Heathrow expansion could take off despite opposition

A British Airways Airbus A380 at Heathrow Airport in London.
David Dyson | British Airways
A British Airways Airbus A380 at Heathrow Airport in London.

The U.K. should build a new runway at Heathrow Airport in London, already one of the world's busiest airports, according to a new report by a commission set up by the government.

The announcement by the Airports Commission on Wednesday is likely to cause division at the top of the governing Conservative Party, as several of the party's leading lights have constituencies which could be affected by the extra noise and pollution expected from greater air traffic.

The government does not have to accept the recommendation, and Prime Minister David Cameron has previously pledged not to build a third runway at Heathrow.


Howard Davies, the chairman of the commission, said in a statement: "Heathrow ... provides the greatest benefits for business passengers, freight operators and the broader economy."

The news was welcomed enthusiastically by British business groups, who urged the government to make a quick decision to keep the U.K. competitive and attractive to international business.
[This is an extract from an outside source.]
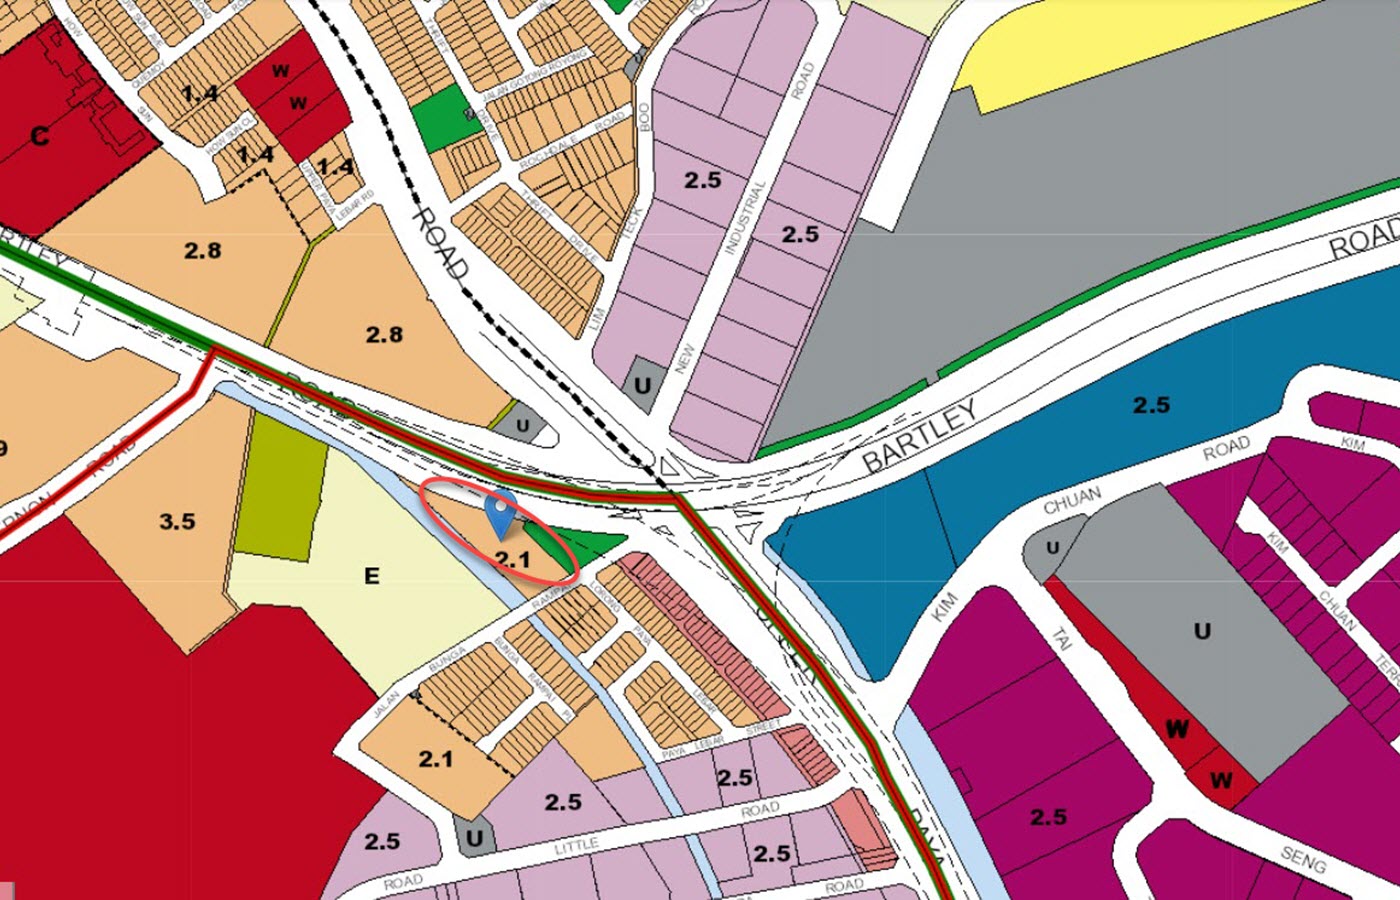 Bartley Vue Condo Location - URA Master Plan Map
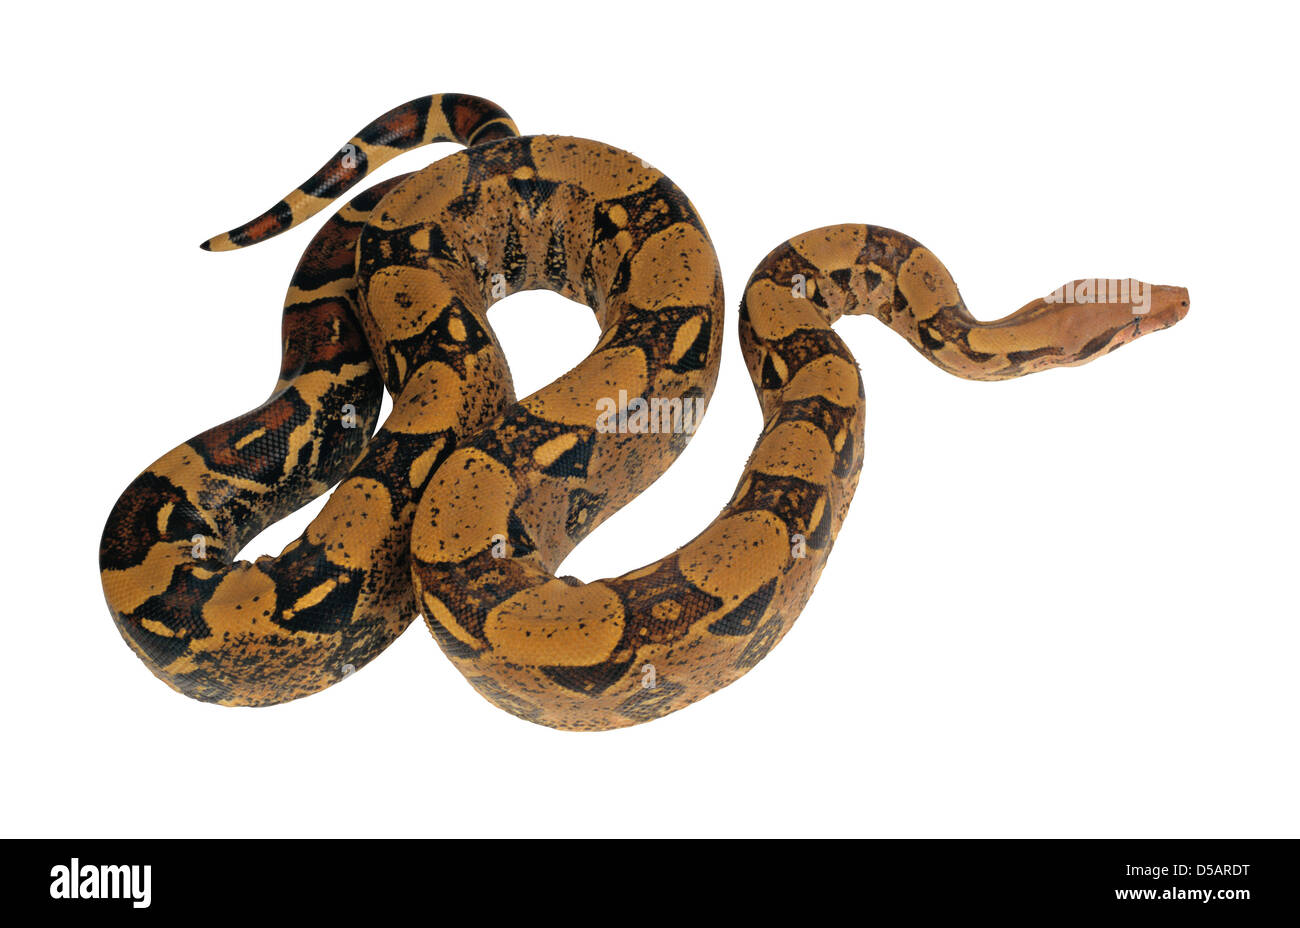 La serpiente sobre fondo blanco Foto de stock

Heathrow is facing competition from Frankfurt, Paris and Amsterdam as a hub for international travel. Its expansion under the plan recommended by the commission would cost close to £20 billion ($31.41).

The news boosted the share price of Spanish airports operator Ferrovial, which is the biggest investor in Heathrow, in early trading Wednesday.

"The government must commit to the decision now, and get diggers in the ground at Heathrow swiftly by 2020," John Cridland, director-general of U.K. business group the CBI, said in a statement.

"Growing airport capacity in the south east (of England) is absolutely critical to the whole of the U.K.'s economic future - it simply isn't an optional 'nice to do.' Each day the government delays taking the decision, the U.K. loses out as our competitors reap the rewards and strengthen their trade links."


John Longworth, director general of the British Chambers of Commerce, called for an "irreversible government commitment" to expanding the airport before the end of the next Parliament in 2020.

Residents of west London and other areas in the south east of England who would be potentially affected by the expansion are likely to be less excited, although the report recommended no extra night flights to address noise pollution.

Zac Goldsmith, a potential Conservative Party candidate to succeed Boris Johnson as Mayor of London, is MP for Richmond, one of the areas most affected by noise from Heathrow planes and has campaigned against the expansion of the airport.

Theresa May, the home secretary, Justine Greening, secretary of state for international development, and Philip Hammond, the defence secretary, are also among the cabinet members whose constituencies would be affected.